Here's one clumsy answer, just stacking the labels once there isn't space to put them in the right places. It starts to just look like a table with wasted space.
A variation puts all the unlabelable categories into a catch-all, which I don't really love either.
The horizontal text is at least readable, and it isn't a pie chart, but it's also still not really so easy to compare lengths between segments at the top and the bottom of the stacked bar.
Bar charts: Hard to label
With languages that write left-to-right or right-to-left, it's difficult to label a bunch of vertical bars. Especially with longer labels, it can get ridiculous.
Arguably, a big part of the value of a Pareto chart is the labels because they've been put in order so that the biggest factors come first. Readability is important. The Pareto chart generally fails to have highly readable labeling.
Just make a table
A horizontal bar chart with the cumulative line dropped could make for a better Pareto chart. You could adjust orientation and add numeric labeling so that viewers can read off useful values. At this point what you have is really a table with one column of SPARKLINE bars.
Using a table lets you easily align data in columns for easy reference and scanning, increasing information density without making an irregular Where's Waldo of numbers.

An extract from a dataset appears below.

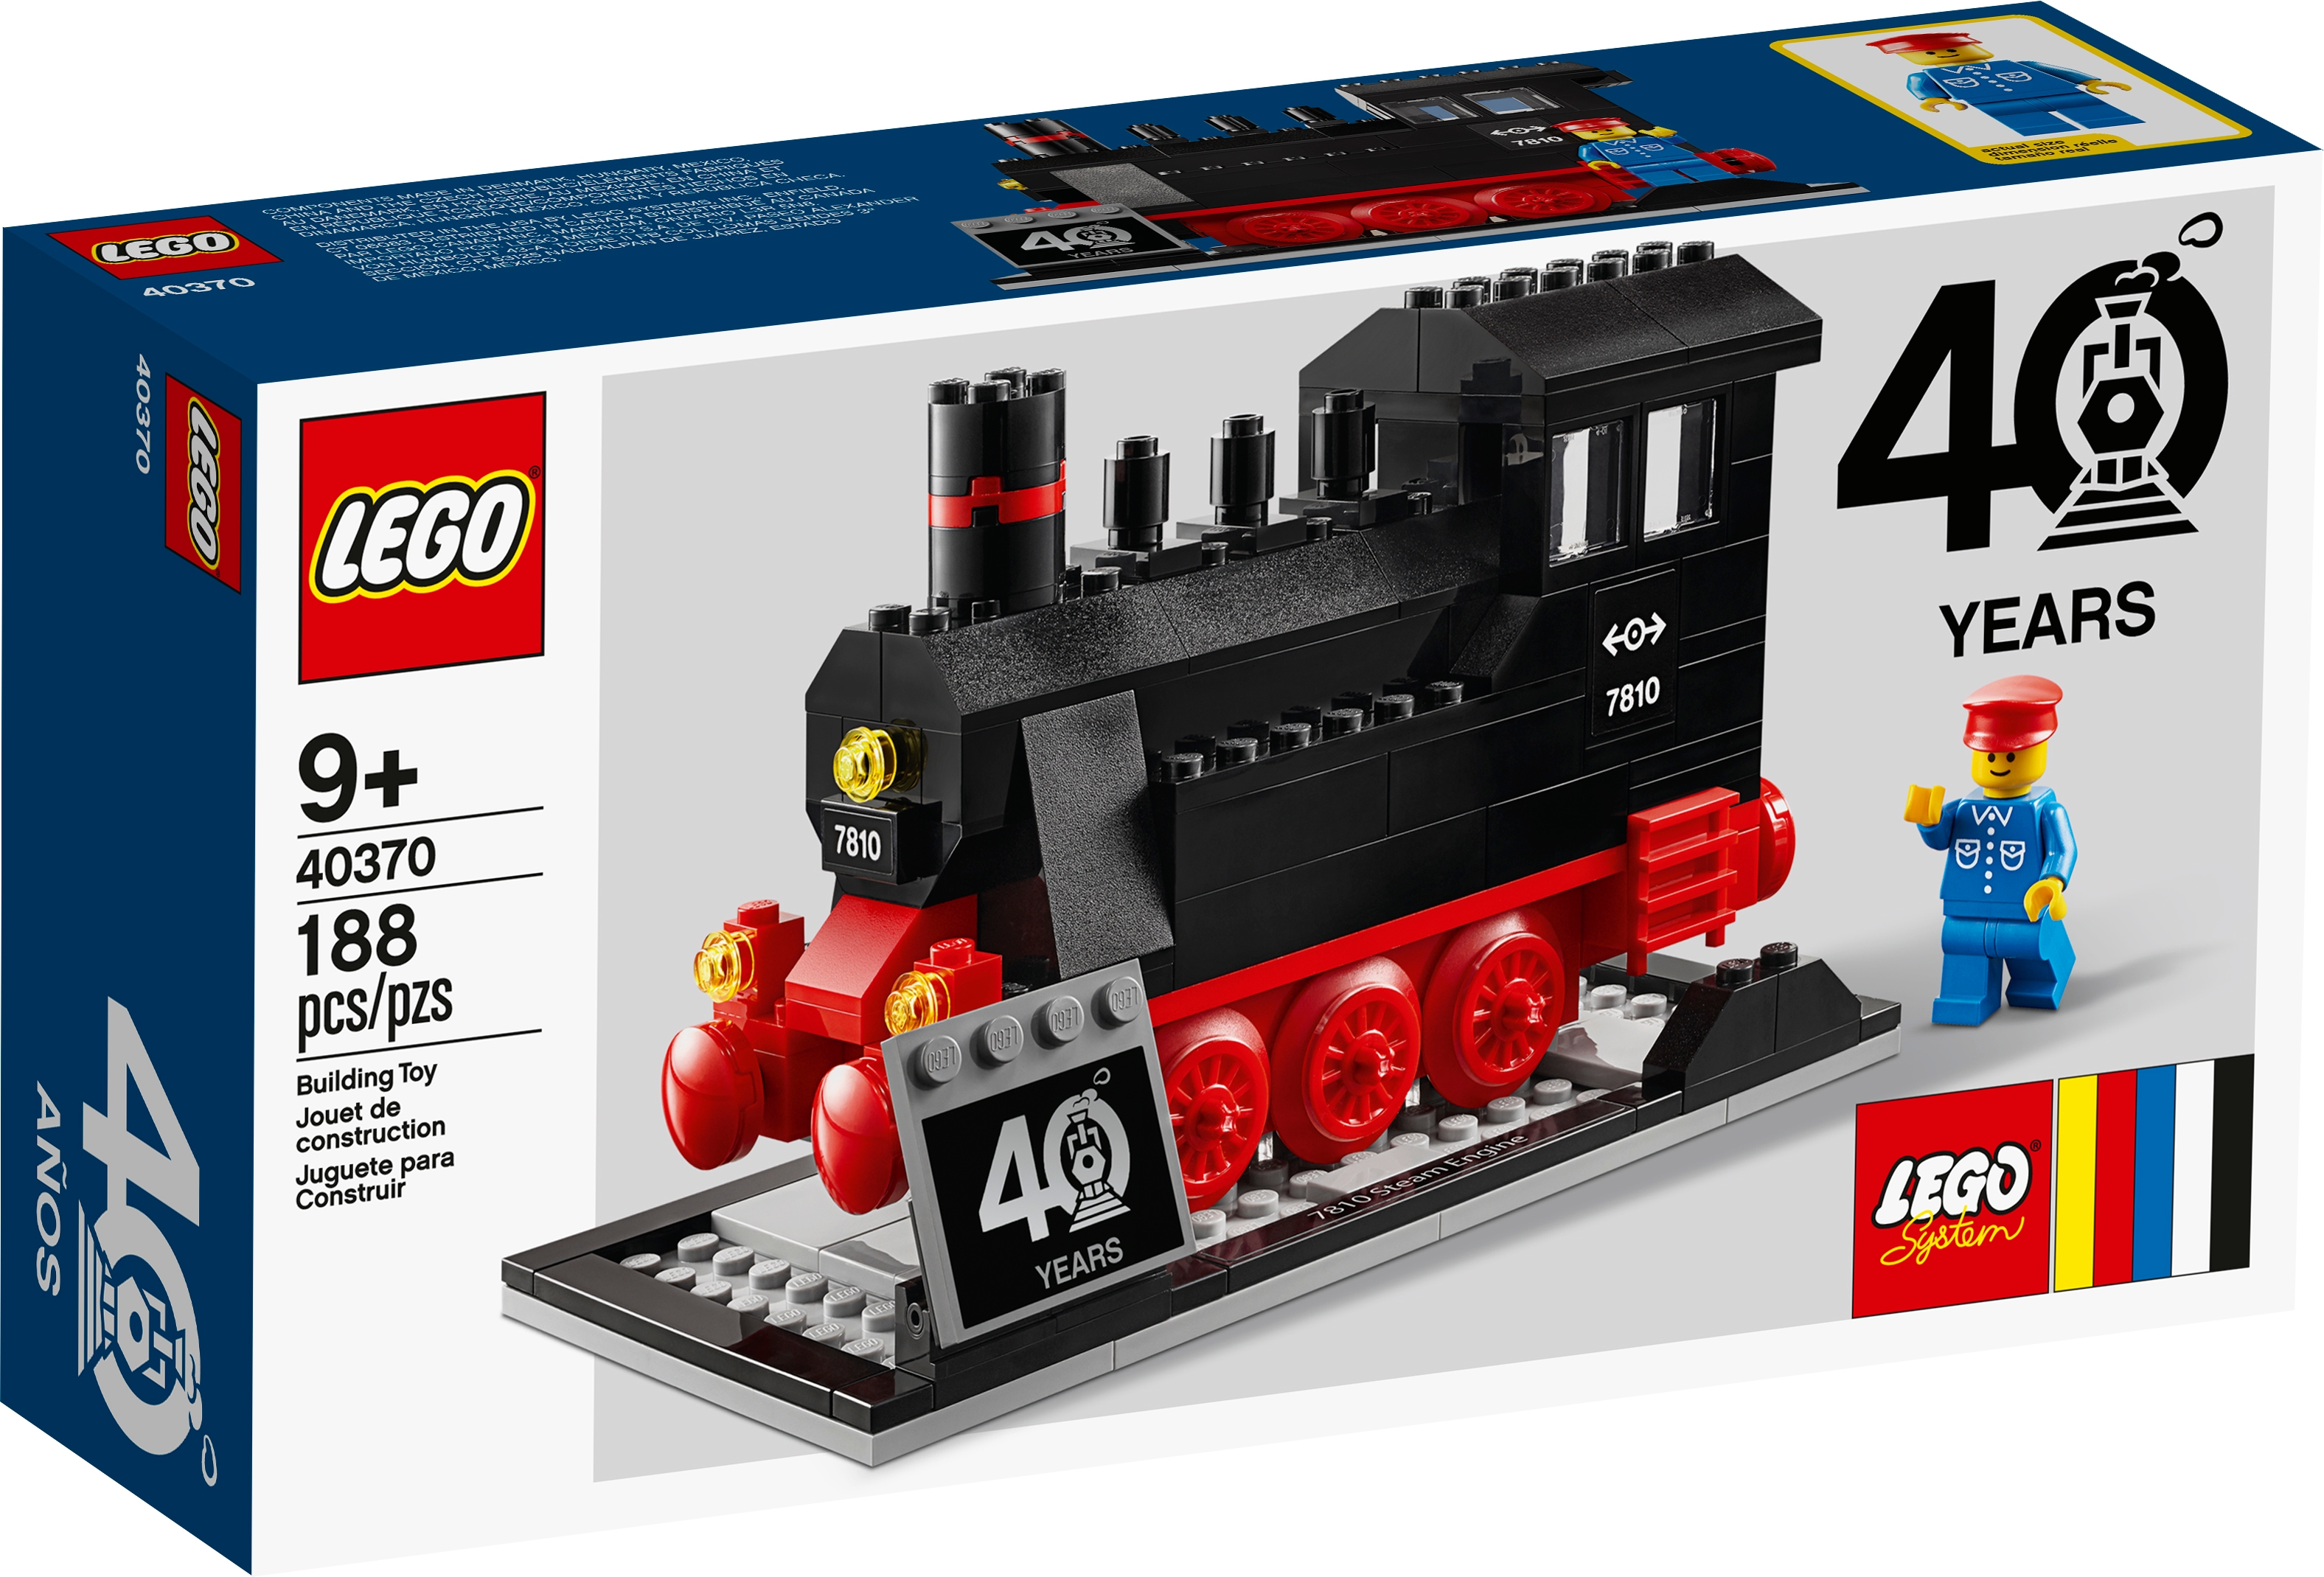 LEGO 40th Anniversary (40370) Available for Sale on LEGO Shop - The Brick Fan

Categories are problematic
Categories are generally epiphenomena of human perception.
In this example, why is "Medicare" separate from "Health"? Why use the divisions here and not others? Sometimes big categories here are omitted by others as non-discretionary; why not do that?
Questions of this kind are probably a bigger deal than the visualization you choose, but are outside scope here.
Change over time?
Data is shown for a single year here, but changes over time are super interesting. "Income security" is the top category for 2020, but that's because of COVID-19: it was fifth for 2019. "National defense" was second in 2019. I'm not sure what the best way to show these changes over time; the trends page from the data provider isn't bad.
Data for this example
The data is from USAspending.gov's Data Lab Federal Spending by Category and Agency. I dropped "Offsetting Revenue Collected But Not Attributed to Functions" on the grounds that I don't understand how it's spending. Really I think their displays are pretty good.
Code for this example
A brief Python notebook is on GitHub. I mocked some stuff up in a Google Slides deck, and the main table is in a Google Sheet. All of these are fairly clumsy and I'd love to find better ways of doing this kind of thing.